Researchers at the University of Massachusetts Amherst identified Goodyear as the 19th-largest corporate producer of air pollution in the United States, with roughly 4.16 million lbs of toxins released into the air annually. Major pollutants included sulfuric acid, cobalt compounds, and chlorine. The Center for Public Integrity reports the Goodyear has been named as a potentially responsible party in at least 54 of the nation's Superfund toxic waste sites. On February 8, 2008, Goodyear announced the launch of an environmentally friendly tire produced using a cornstarch-based material. The Goodyear Eagle LS2000 partially replaces the traditional carbon black and silica with filler materials derived from corn starch thanks to "BioTRED compounding technology". The new technology increases the tires "flexibility and resistance to energy loss", which extend the tires life-span and lessen the impact on the environment. Similarly, Goodyear announced on April 22, 2008, that it had joined the U.S. Environmental Protection Agency's SmartWay Transport Partnership. The transport partnership is an attempt between the truck transportation industry and the EPA to reduce air pollution and greenhouse emissions as well as increase energy efficiency. The SmartWay partnership's tractors and trailers will use Goodyear's Fuel Max linehaul tires that increase fuel efficiency while reducing emissions. According to Goodyear and EPA officials "the fuel-efficient line-haul tires deliver up to 4% improved truck fuel economy, and when used with other SmartWay-qualified components, each 18- wheel tractor and trailer used in long-haul can produce savings of up to 4,000 gallons per year, or more than $11,000 annually."
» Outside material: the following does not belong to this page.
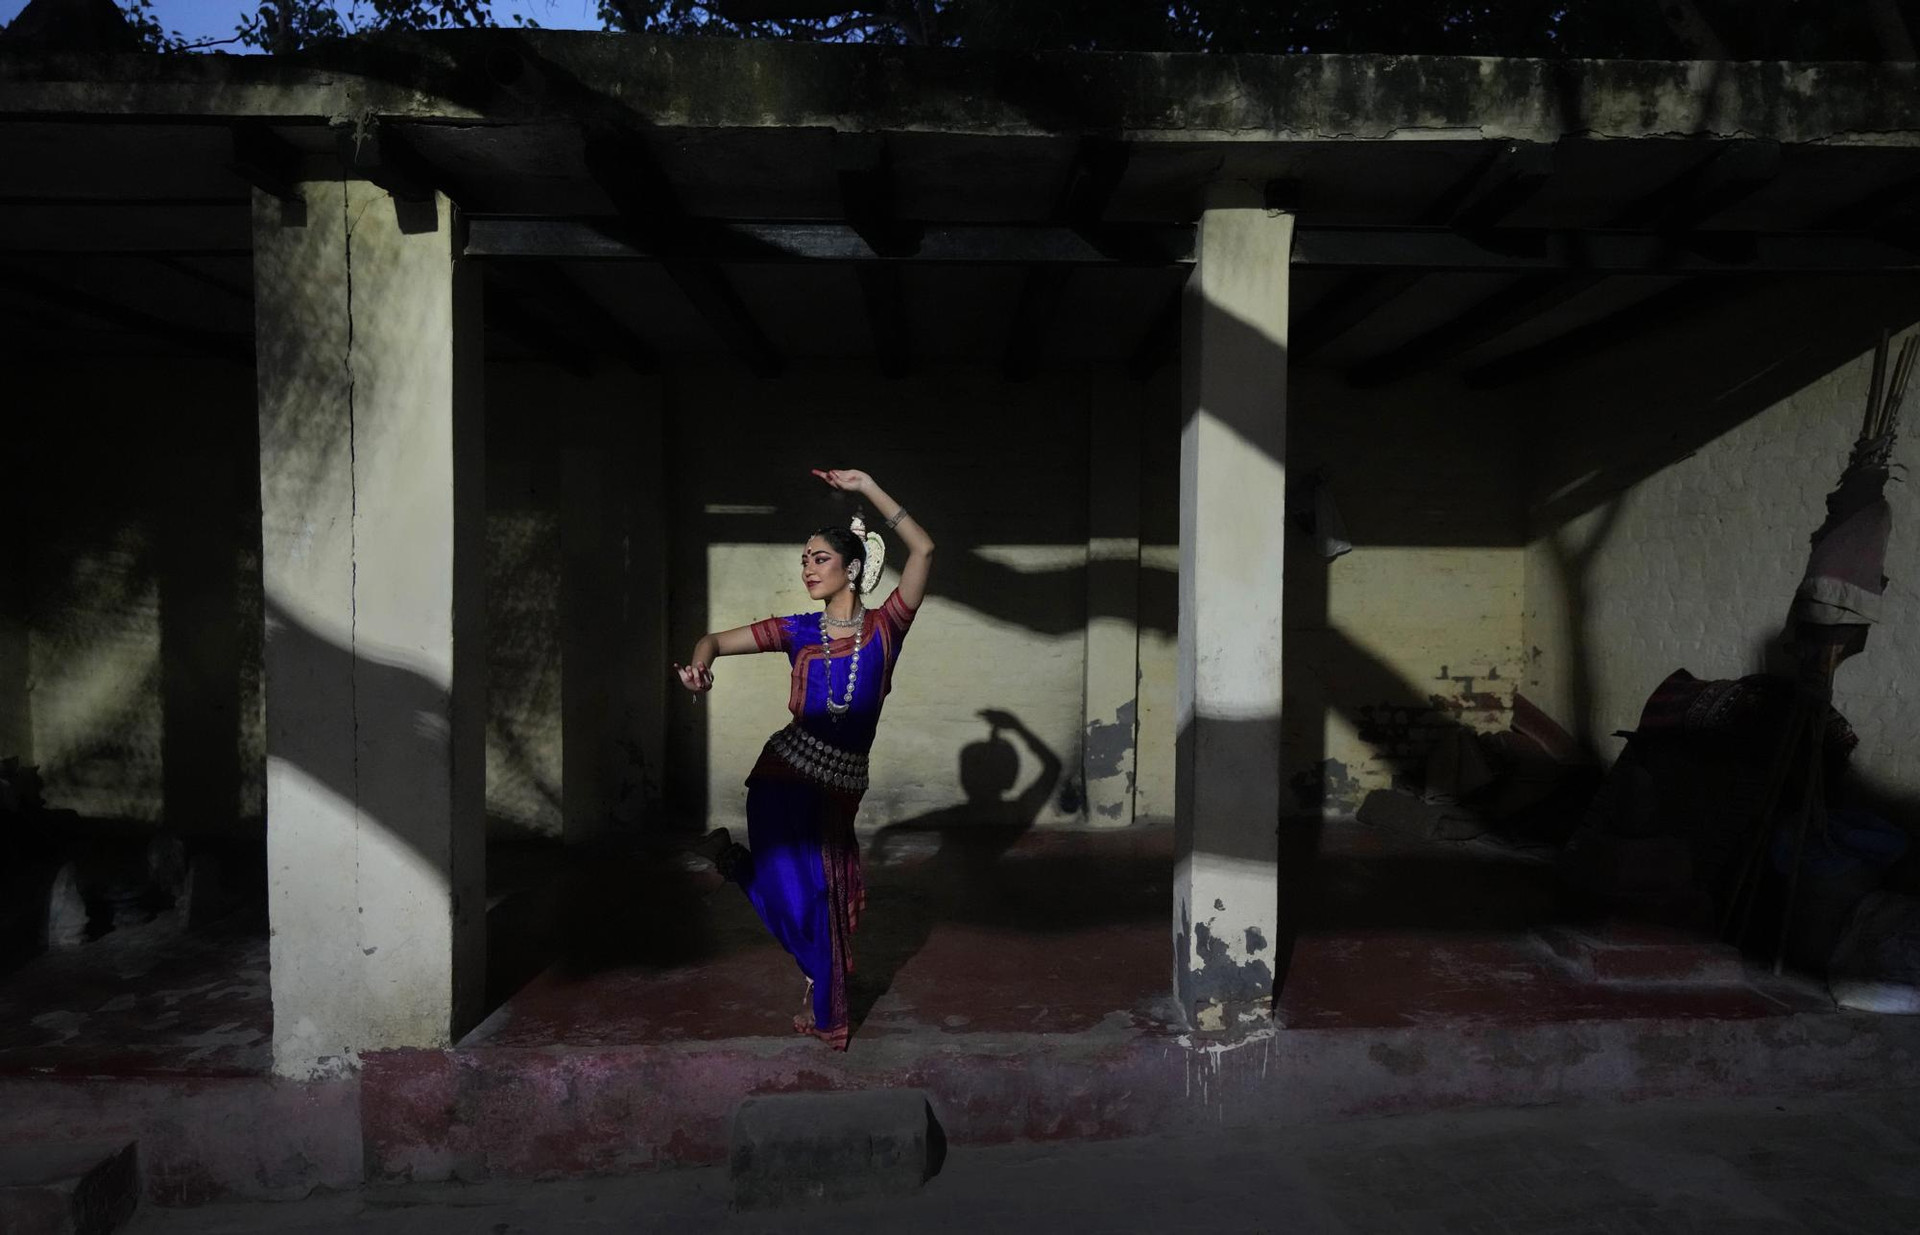 Vũ công Odissi cổ điển người Ấn Độ Damini Mehta, 22 tuổi, tạo dáng trên bến sông Yamuna, ở New Delhi, Ấn Độ. Ảnh: AP

On February 24, 2015, Goodyear agreed to pay more than $16 million to settle Foreign Corrupt Practices Act "FCPA" charges that two of its African subsidiaries allegedly paid $3.2 million in bribes that generated $14,122,535 in illicit profits. The U.S. Securities and Exchange Commission "SEC" FCPA charges involved Goodyear subsidiaries in Kenya and Angola for allegedly paying bribes to government and private-sector workers in exchange for sales in each country. According to the SEC because "Goodyear did not prevent or detect these improper payments because it failed to implement adequate FCPA compliance controls at its subsidiaries" and, for the Kenyan subsidiary, "because it failed to conduct adequate due diligence" prior to its acquisition. It was not alleged that Goodyear had any involvement with or knowledge of its subsidiaries' improper conduct.On August 18, 2020, WIBW, a local CBS-affiliate television station, reported that an internal PowerPoint slide on political attire from a Topeka, Kansas, training seminar was circulating on social media. The leaked slide depicted a "zero tolerance" policy towards some political movements. President Donald Trump called for a boycott of Goodyear tires the following day, as Trump campaign attire such as MAGA hats were among the banned products. Goodyear responded via Twitter, stating "the visual in question was not created or distributed by Goodyear corporate, nor was it part of a diversity training class". Following release of the audio that went with the slide, Goodyear admitted the slide was used at its Topeka factory.